= Try it =
Repeat the listing below exactly. Pictures do not belong in the copy.

= Supplied information =
+===+

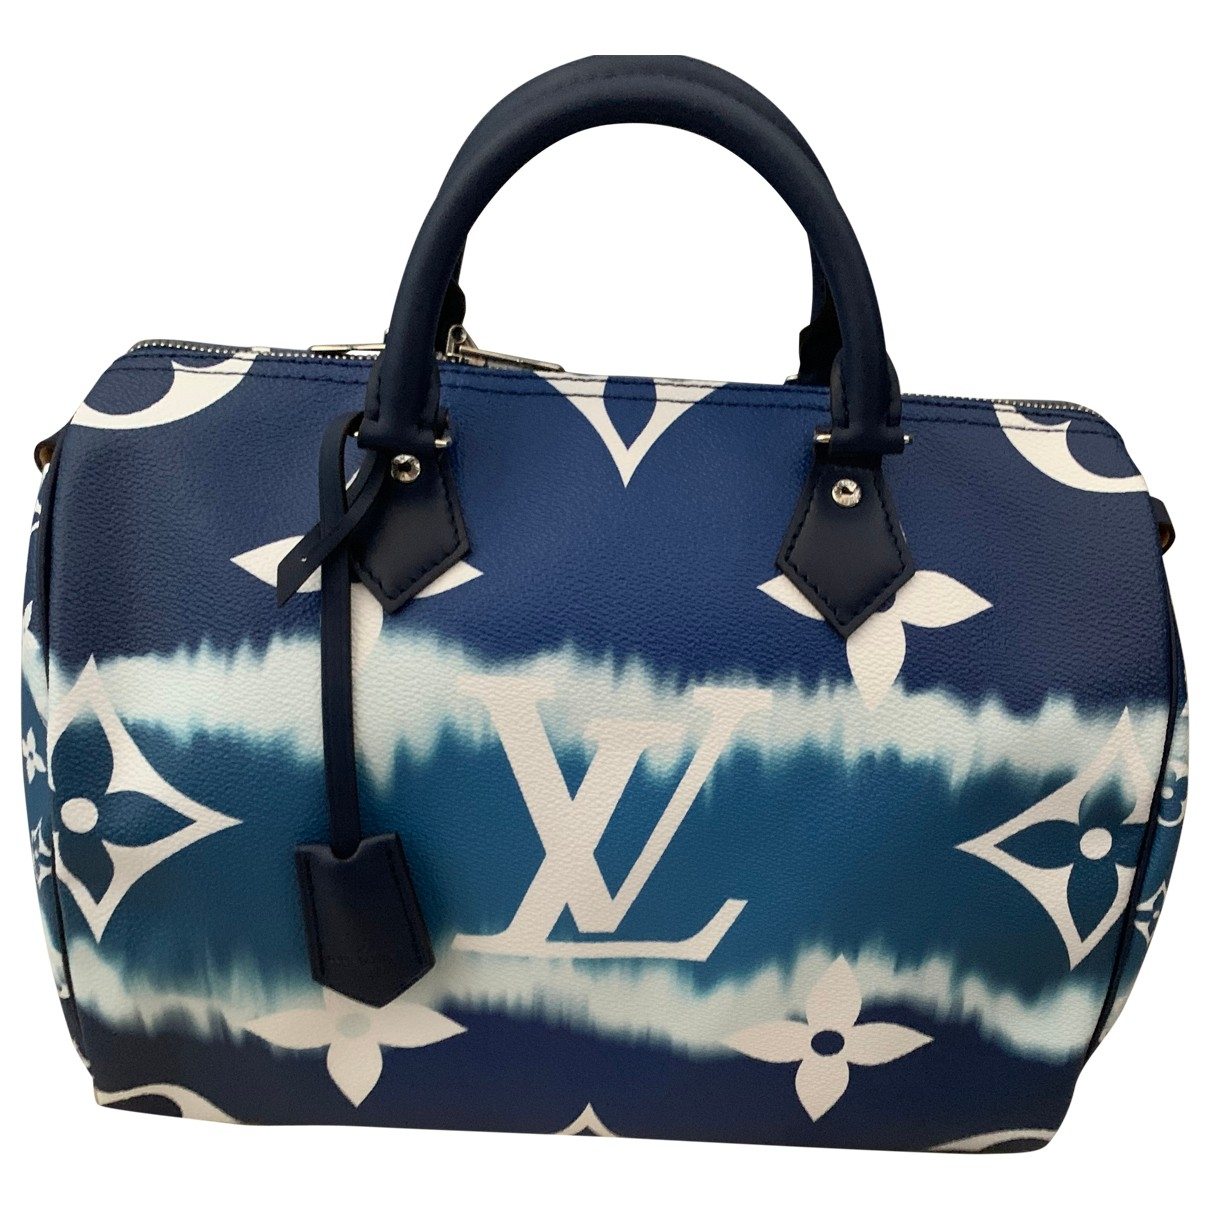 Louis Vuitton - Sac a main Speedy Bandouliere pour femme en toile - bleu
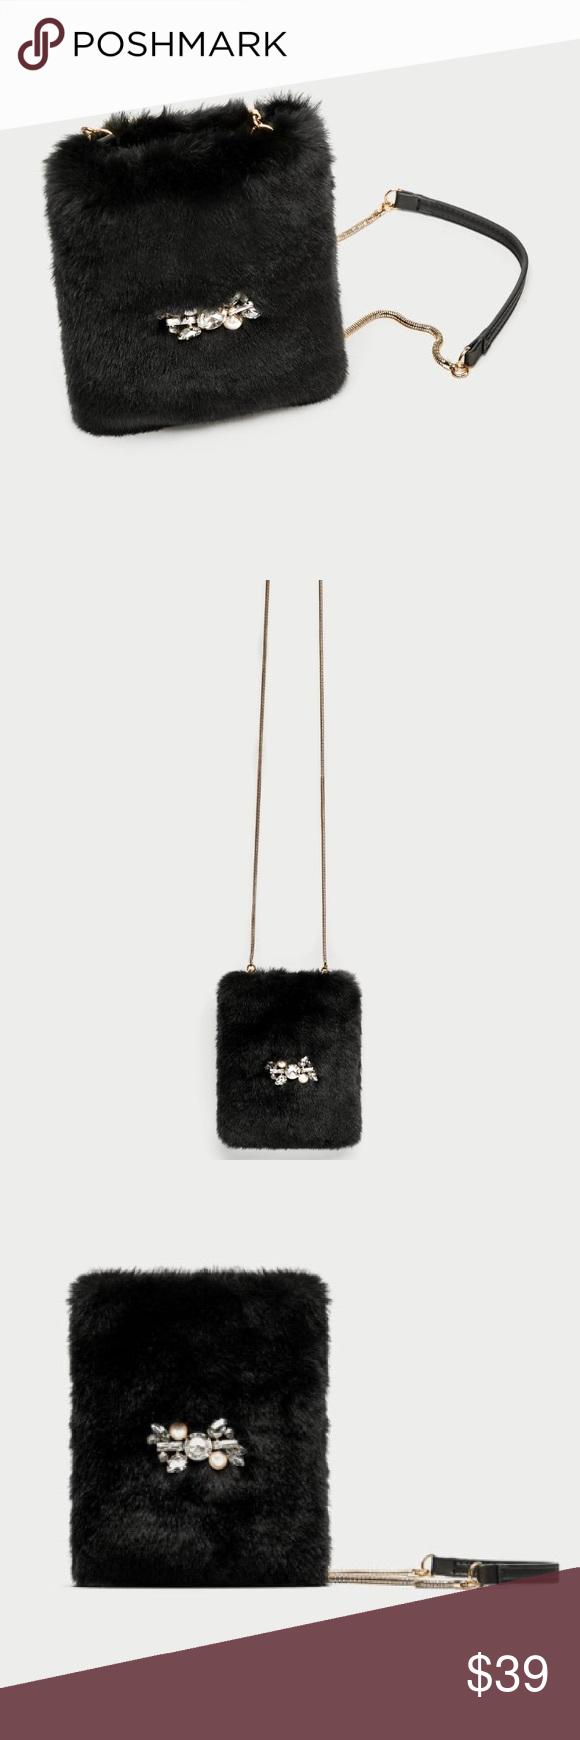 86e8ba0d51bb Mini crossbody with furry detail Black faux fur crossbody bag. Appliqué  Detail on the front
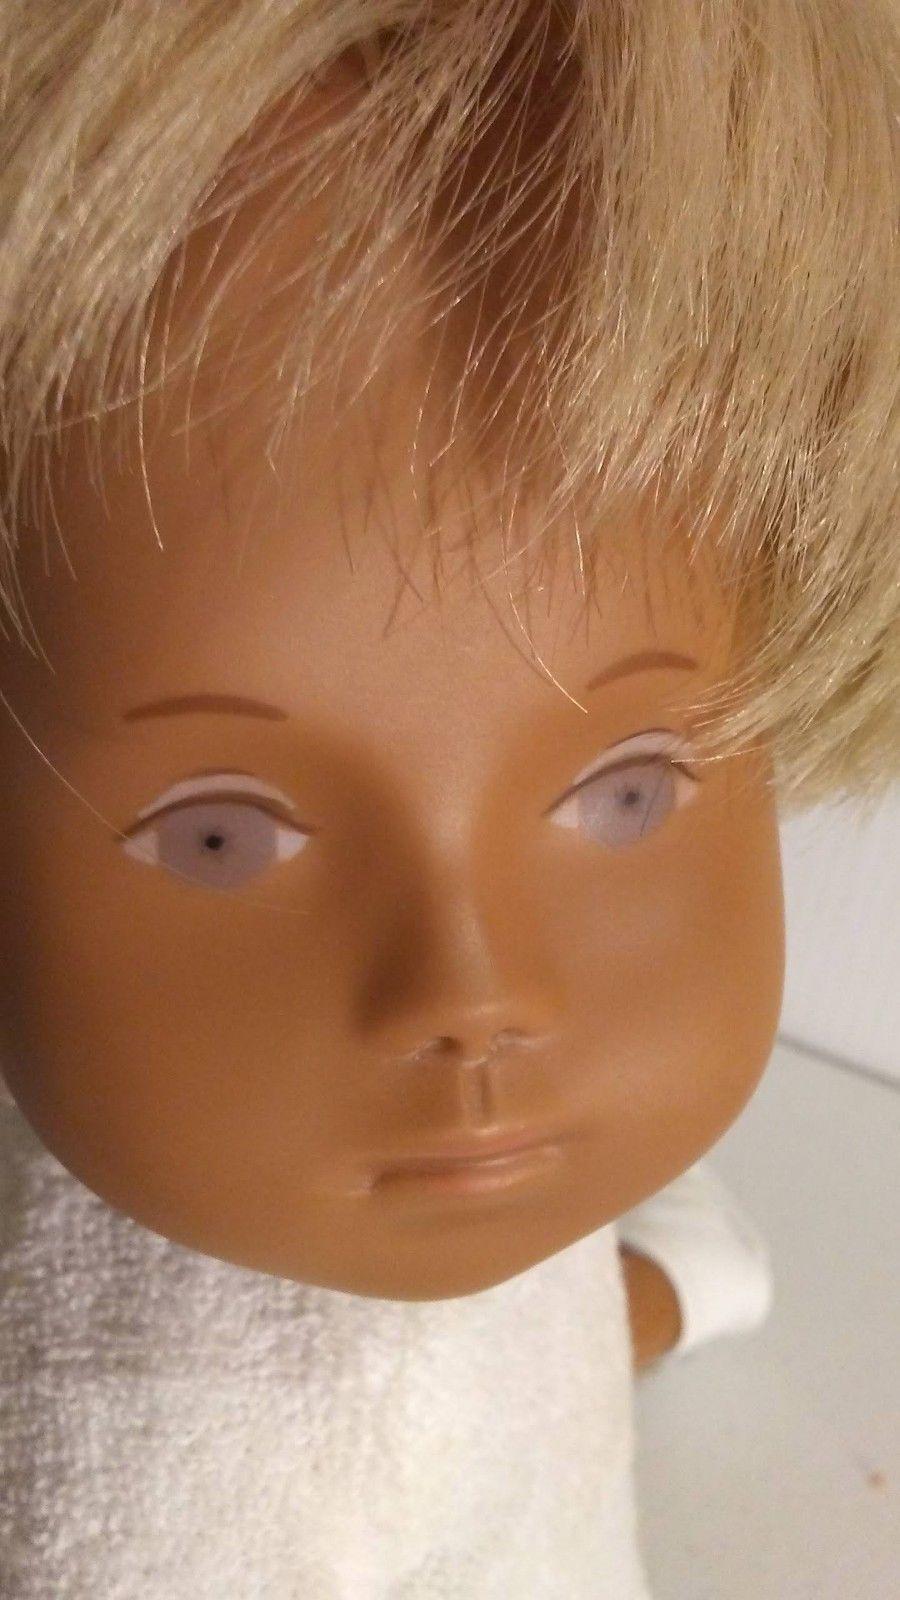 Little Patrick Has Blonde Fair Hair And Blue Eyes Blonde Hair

+===+

= Result of the exercise =
 Louis Vuitton - Sac a main Speedy Bandouliere pour femme en toile - bleu
 86e8ba0d51bb Mini crossbody with furry detail Black faux fur crossbody bag. Appliqué  Detail on the front
 Little Patrick Has Blonde Fair Hair And Blue Eyes Blonde Hair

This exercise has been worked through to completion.